Both the Prime Minister’s recent speech and the Commission’s draft negotiating guidelines suggest that it will be on the agenda, but it will be difficult to include extensive provisions in a free trade agreement.
While there are some relevant provisions in, for example, the Canada-EU trade deal, and any future UK-EU deal is likely to cover intra-company transfers at least, going further than this would be politically and legally complex for both sides. Obviously, before all these decisions are taken, it is impossible to assess the sectoral impact of any new system. However, certain sectors are clearly vulnerable.
• The NHS. The proportion of NHS staff who are from other EU countries is fairly close to the national average, but they make up a far higher proportion of recent recruits, as it has become much more difficult for the NHS to recruit from outside the EU. Indeed, the government’s cap on skilled worker visas is now biting, stopping the NHS recruiting much needed doctors from outside the EU at the same time as the UK becomes less attractive to EU doctors.
• Agriculture.
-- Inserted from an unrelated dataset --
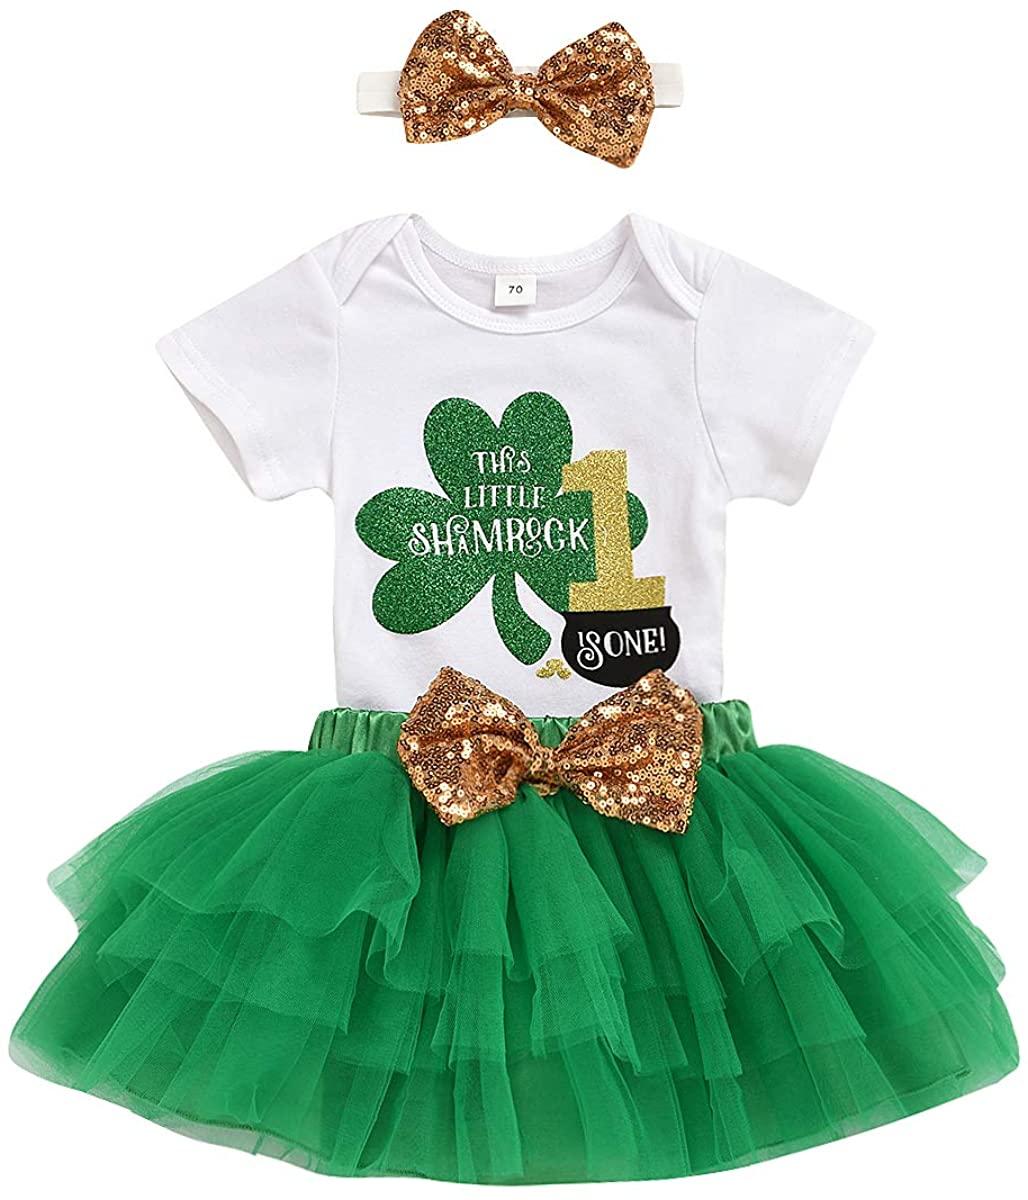 Baby Girls St. Patricks' Day Outfit Shamrock Bodysuit + Tulle Tutu Skirt + Headband + Leg Warmer Clothes Set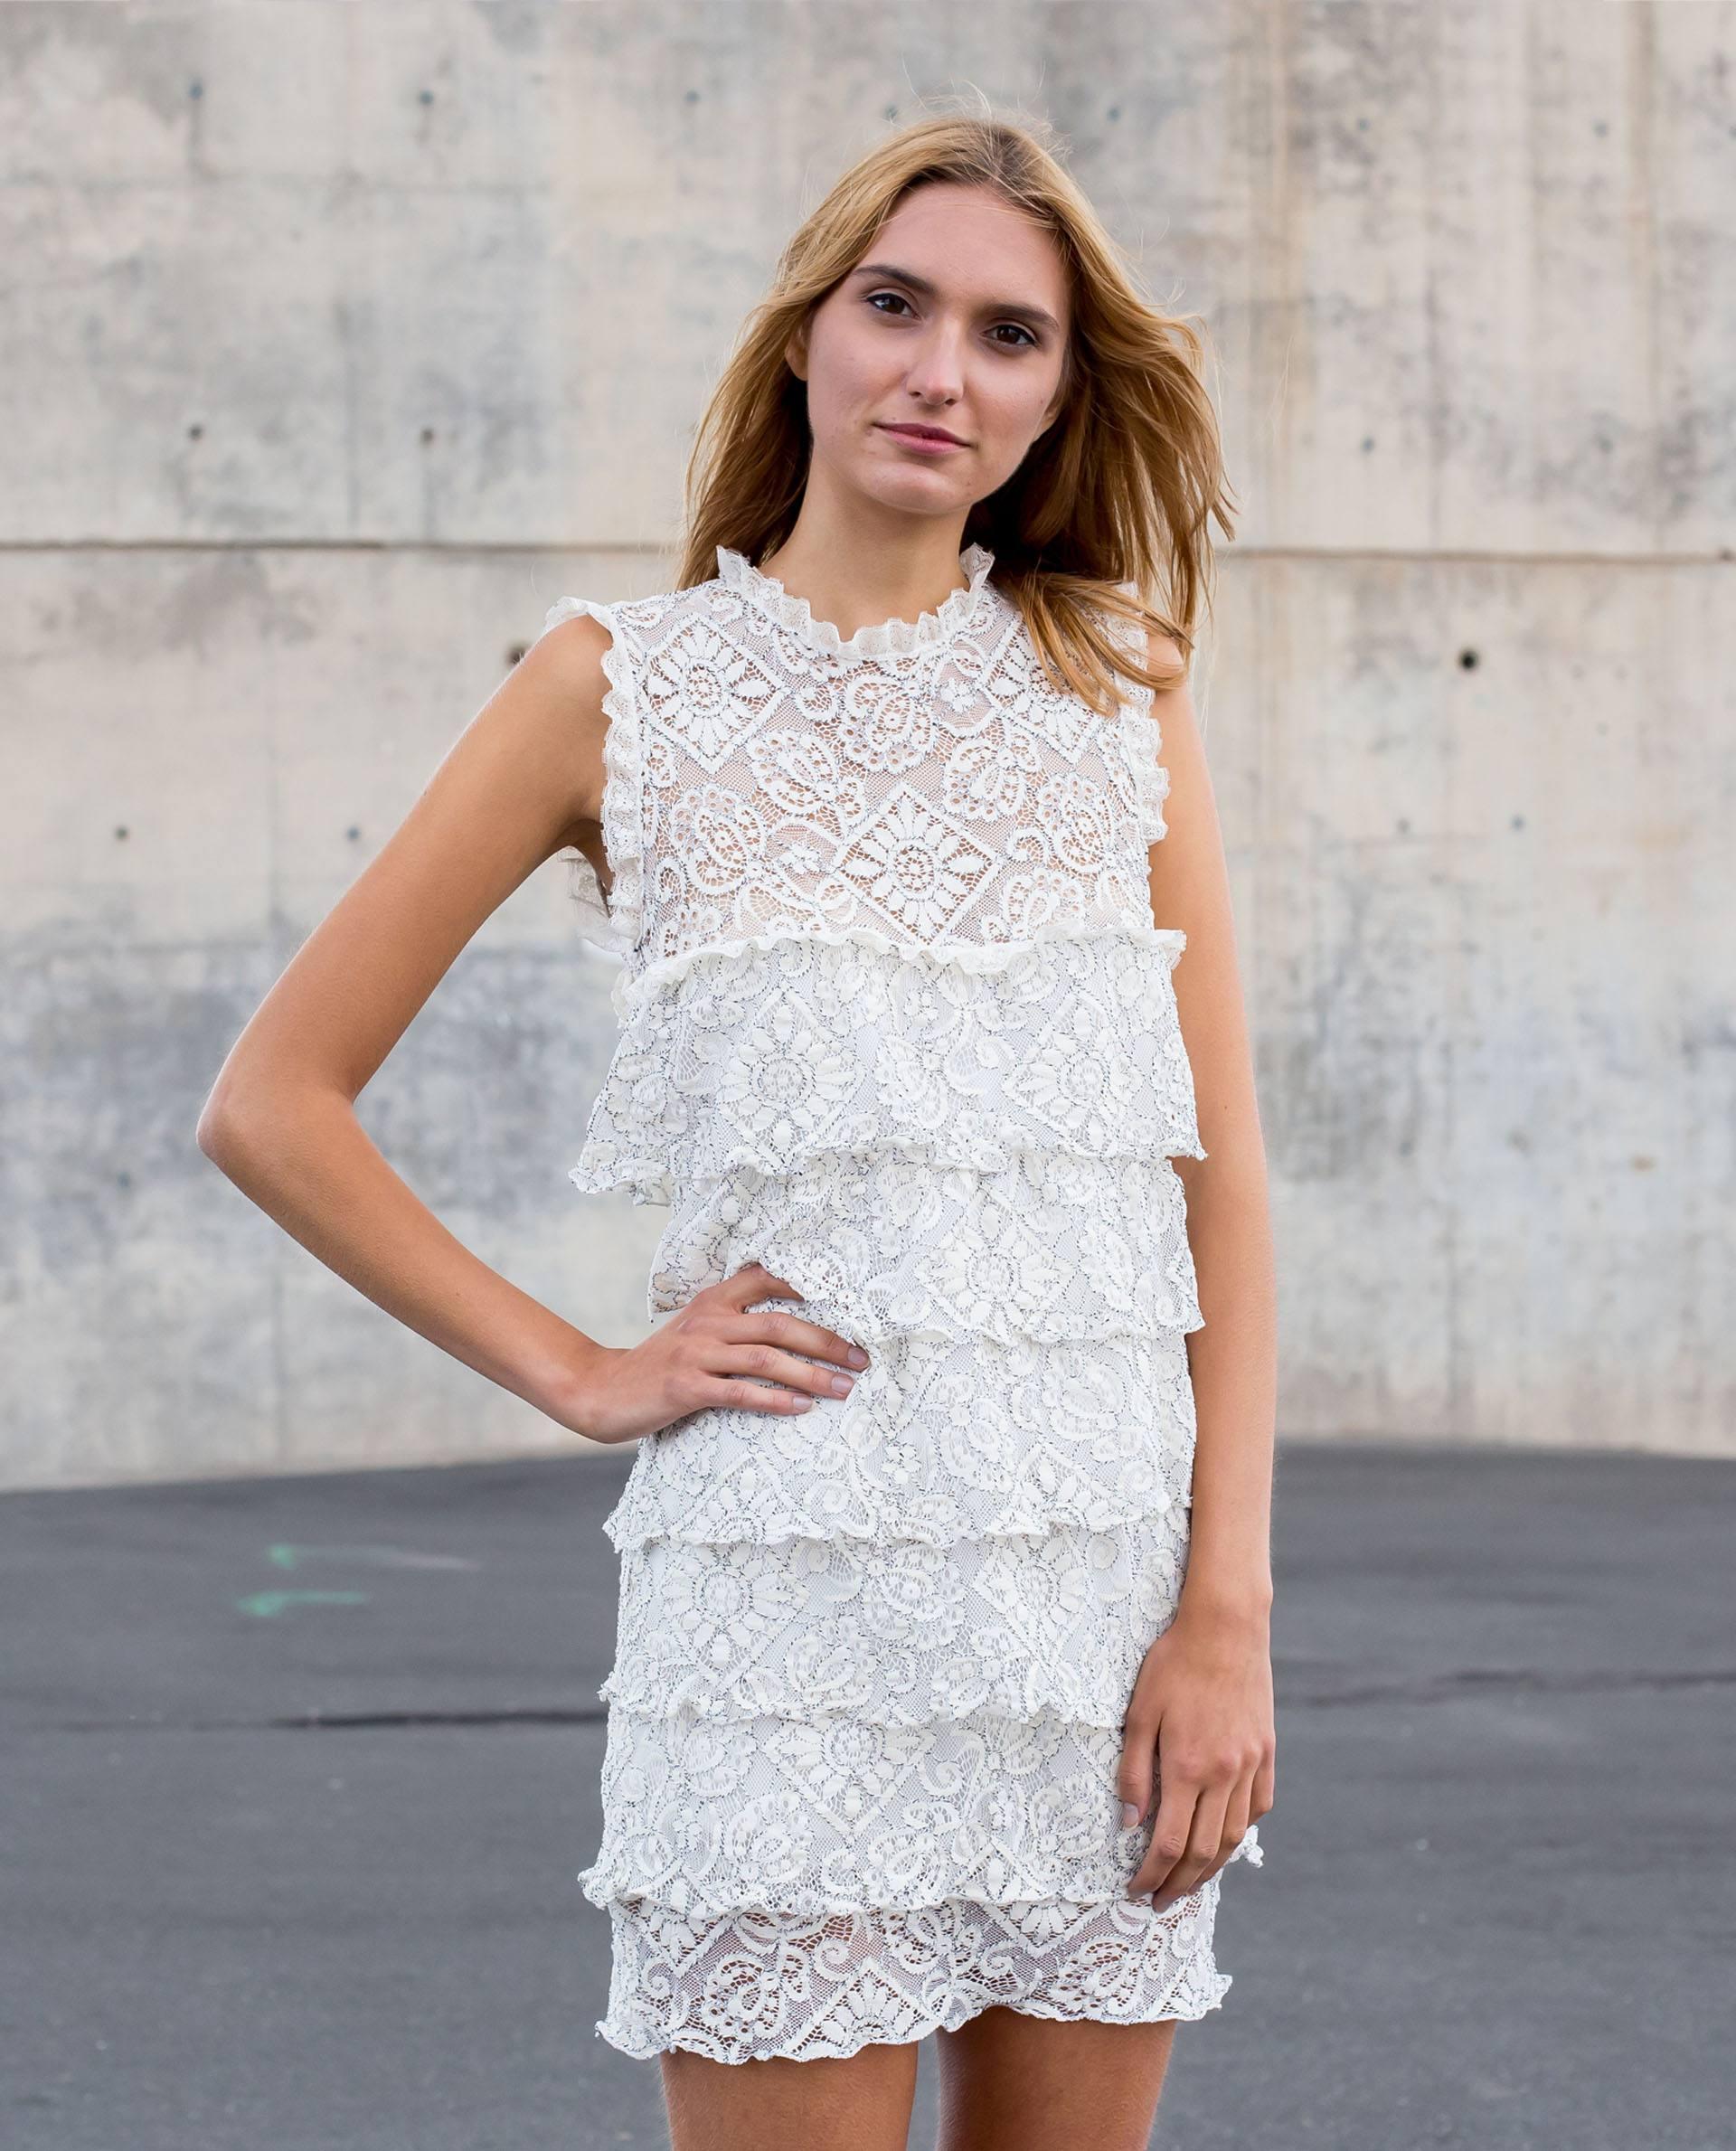 PRÊT À PORTER-SPRING/SUMMER 2018 - VESTIDOS - Vestido recto mini de encaje blanco

Some labour-intensive farming is highly dependent on EU workers. But, although highly visible, this is a small part of the UK economy. Perhaps more importantly, the broader food processing industry and food supply chain is also reliant on EU workers, some in specialist occupations such as veterinary medicine.
• Construction. This is a concern in London in particular, where a large proportion of workers are from the EU, and pressures are already beginning to emerge.
• Higher education. The UK higher education sector has expanded rapidly in recent years, with the EU making up a substantial proportion of academic staff recruits. They now make up more than 1 in 6 of all staff. At the same time the sector also relies on EU students, who are treated the same as UK students for fee purposes.
More broadly, there remains an overarching question about just how liberal or restrictive the system will be post-Brexit. The climate of opinion both within government and the country has clearly shifted, particularly since the general election, as the Prime Minister’s position has weakened (she is clearly the most anti-immigration member of the cabinet), immigration has fallen, and the consequences for business and key sectors (including the NHS) of reduced access to EU workers has been publicised. So while, as noted, nothing has formally changed in policy terms, internally the mood has clearly shifted.
What will the impact be on the UK economy? Over the medium to long term, the end of free movement is likely to lead to a large reduction in EU migration, which will certainly reduce GDP and tax revenues, and possibly have wider impacts.
Indeed, as Thomas Sampson points out in this report, the reduction that has already occurred since the referendum has probably contributed to the marked slowing of growth.
Finally, the analysis above assumes that the current government and its broad approach to the UK’s post-Brexit relationship with the EU remain in place — in particular the decision to leave the single market. If this changes, then some significantly different options might become feasible, including an extension of free movement in something much like its current form.
There would, however, be significant challenges, both legal and political, on both sides of the Channel. The EU would have to accept some modifications to the legal framework to give the UK greater control over inflows, while preserving the basic principles of free movement.
Meanwhile, the UK would have to implement major administrative and systems changes, and there would be inevitable trade-offs between increased burdens on business and individuals and the degree of extra ‘control’ afforded by such systems.
The negotiability of such changes will depend, crucially, on the political context and on political will both in the UK and in the EU27, but it should not be concluded ex ante that they are impossible.
Professor Jonathan Portes is a senior fellow at The UK in a Changing Europe. This piece originally featured in The UK in a Changing Europe’s Article 50 one year on report.